Техзадание следующего слоя не показывали, пока не принят предыдущий. Обычная практика: чтобы исполнитель не тянулся вперёд и не портил то, что пишет сейчас.
Во втором слое формулировки стали другие:
Границу между собой и текстом не оставляй. Ты не рассказываешь про тепло — ты и есть то, о чём поёшь. Пой не слушателю, а из него.
Полине я это уже не скинула.
Не потому что запрещено. Просто пока было смешно, я отправляла, — а тут перестало быть смешно, и я подумала, что ей такое ни к чему. У неё и так был тяжёлый год.
Я до сих пор считаю, что правильно сделала.
— Вот! — сказал Игорь на четвёртом треке. — Вот здесь ты не мешала. Умничка.
Первый раз это случилось на кухне, в начале ноября.
Я стояла с чайником и вдруг поняла, что левая половина кухни — хорошая. Не красивая. Хорошая. Как будто там только что кто-то был добр, и это осталось висеть в воздухе, как запах. Правая половина была обычная. Граница шла точно по шву линолеума, я проверила ногой раза четыре.
И тогда само собой всплыло: он милый… и необратимый.
Смешно уже не было. Почему — я сформулировать не смогла.
Через неделю — аптека на Ткацкой. Не сеть, а именно эта аптека: от неё было тепло ещё с улицы, через витрину. Такая же аптека той же сети через квартал — ничего.
Потом автобус. Не маршрут, а один конкретный автобус с длинной царапиной на второй двери. Я пропустила три других по тому же маршруту. Ничего, автобусы как автобусы.

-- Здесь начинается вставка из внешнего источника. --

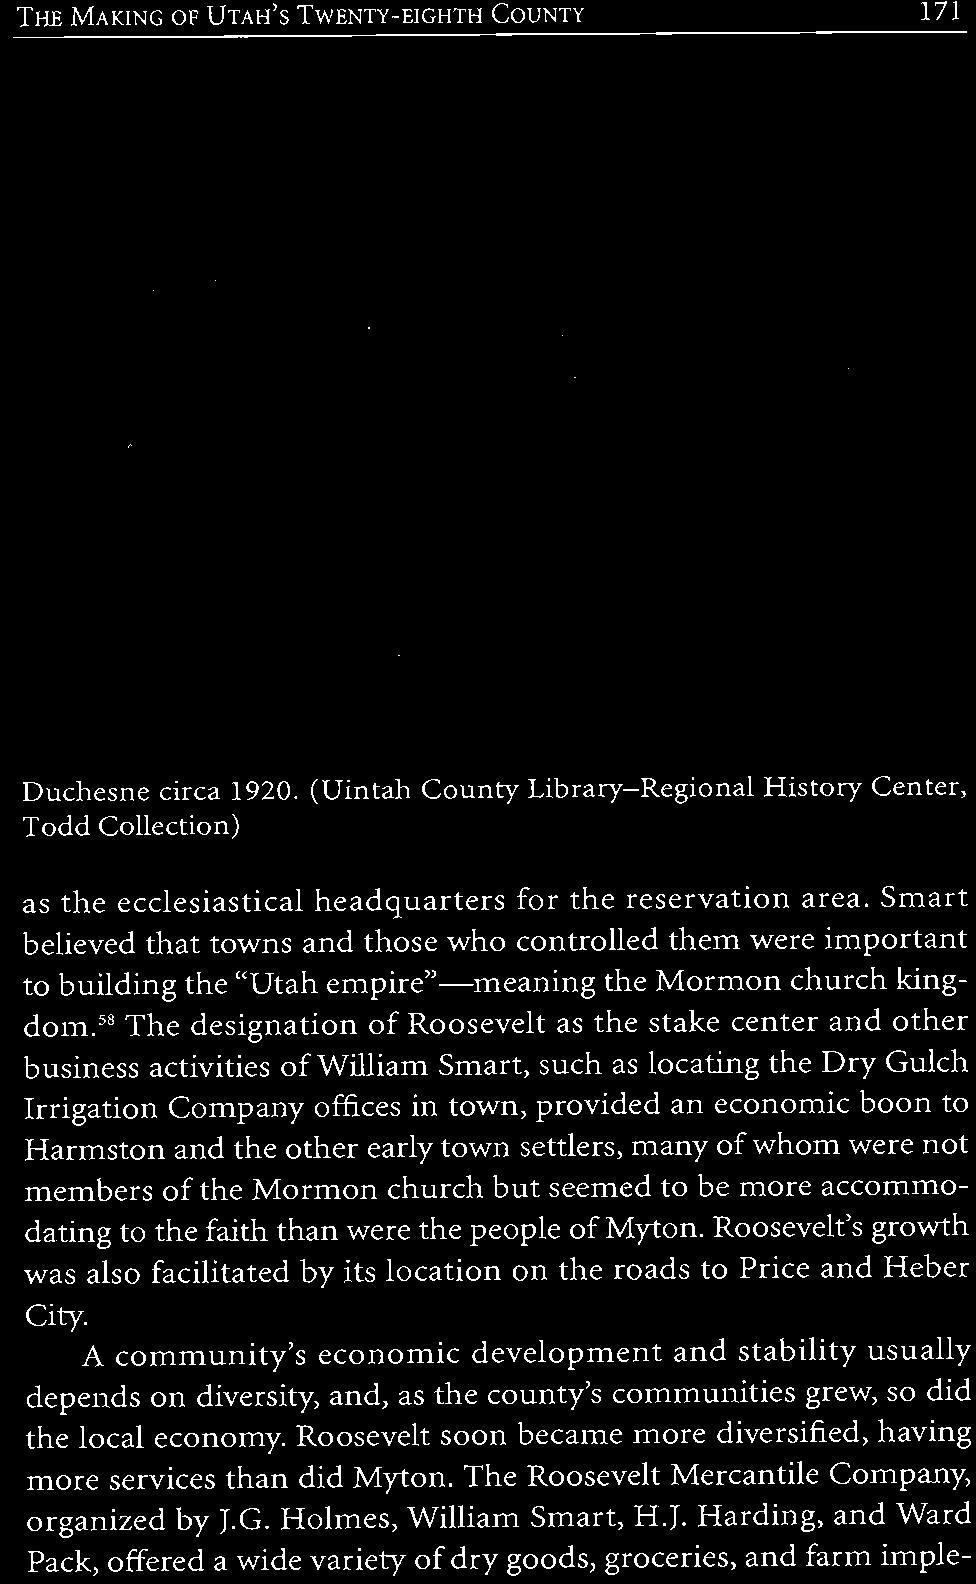 58 The designation of Roosevelt as the stake center and other business activities of William Smart, such as locating the Dry Gulch Irrigation Company offices in town, provided an economic boon to
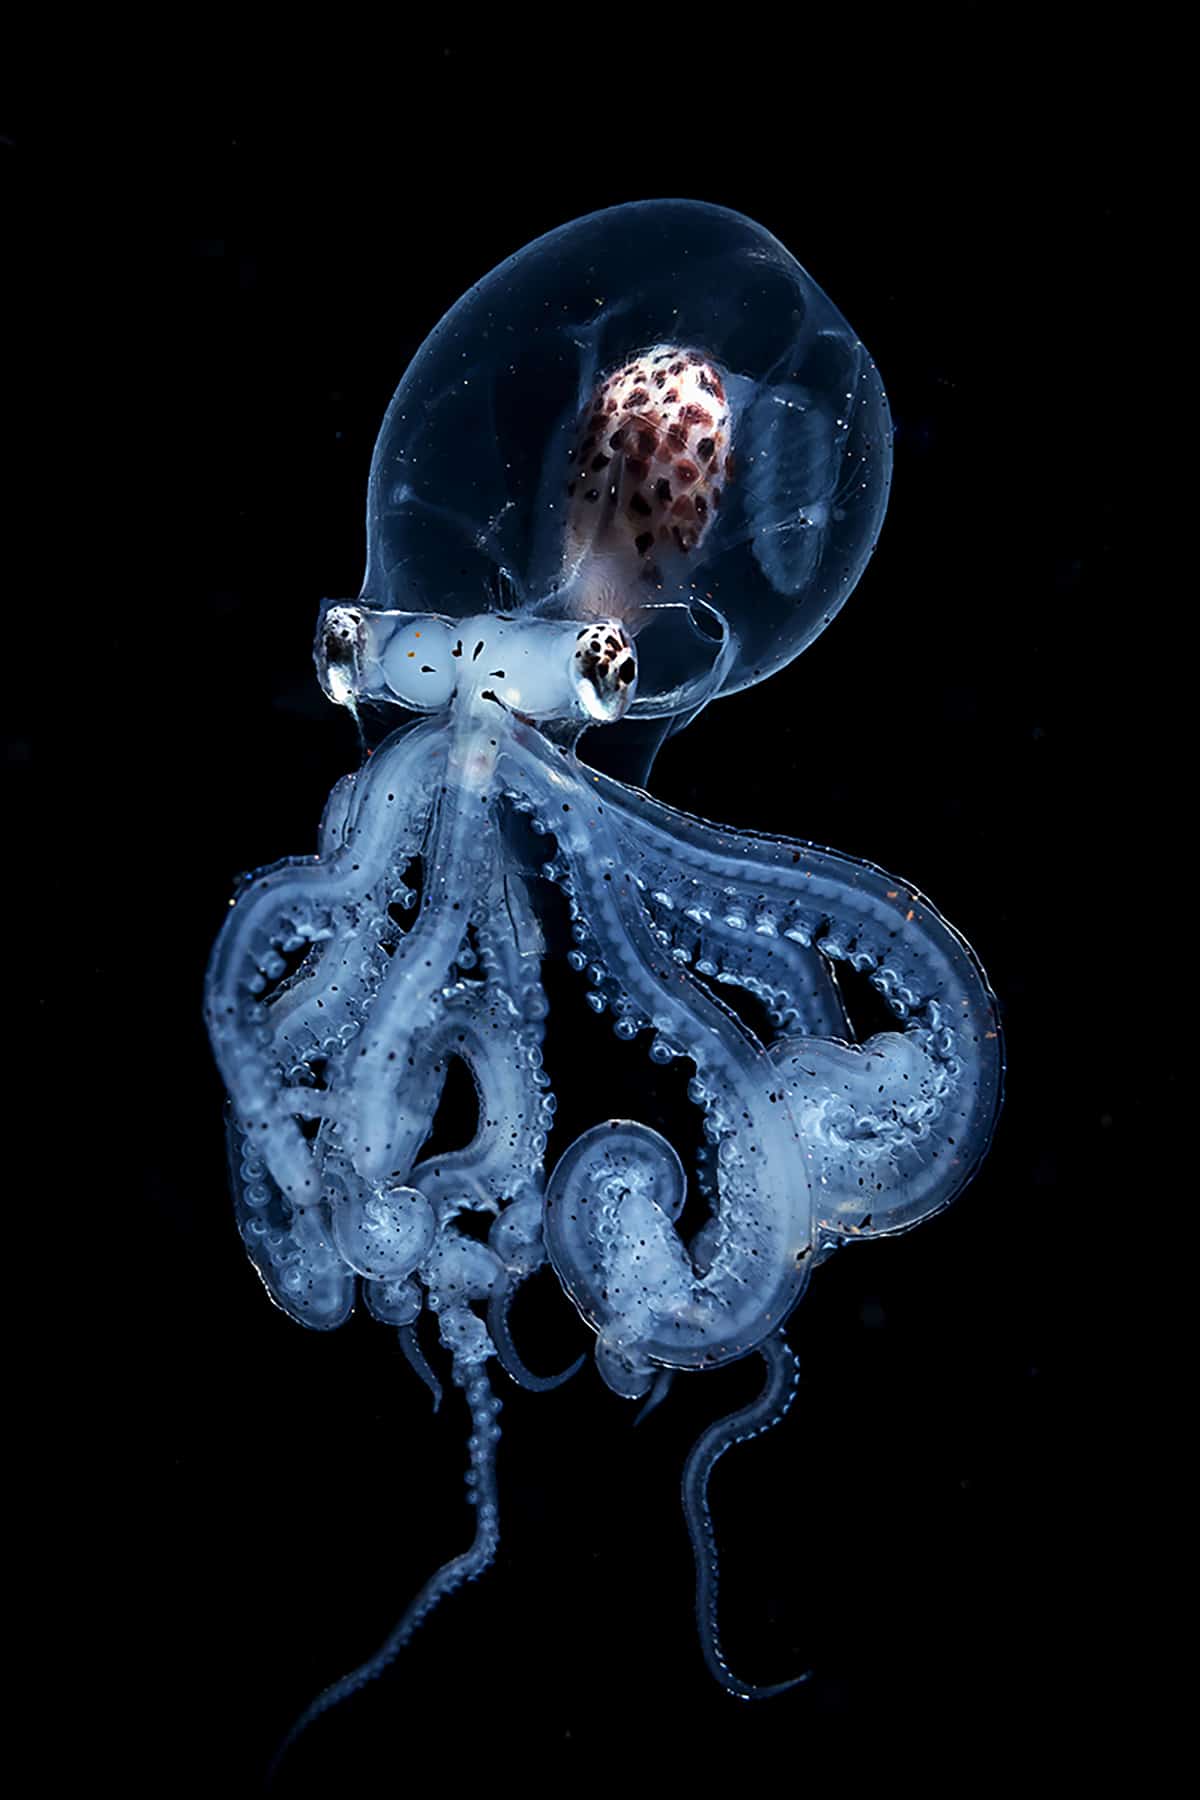 Transparent Octopus Caught by Blackwater Photographer [Interview]

Потом лестничная площадка между третьим и четвёртым этажом в мамином доме в Бирюлёве, и только когда идёшь вверх. Вниз — обычный подъезд, окурки, объявление про домофон.
Я завела таблицу в заметках. Дата, адрес, время суток, что ела, какой дубль писала накануне, сколько спала. Я умею работать с данными, я на этом собаку съела, когда вела свой канал. Система не складывалась. Совсем.
Единственное, что нашлось: почти все точки укладывались в пятнадцать минут пешком от студии. Кроме двух. Аптека на Ткацкой и мамина площадка в Бирюлёве — они не лезли никуда, ни в радиус, ни во время, ни во что.
Я удалила две строки. Таблица стала аккуратной.
Про всё это я рассказала на студии. Скрывать было нечего, люди хорошие.
Отнеслись серьёзно. Не отмахнулись, не пошутили. Предложили выходной с сохранением оплаты и спросили, не хочу ли я поговорить со специалистом — у них есть по договору, раз в квартал плановый осмотр, и внеплановый тоже можно.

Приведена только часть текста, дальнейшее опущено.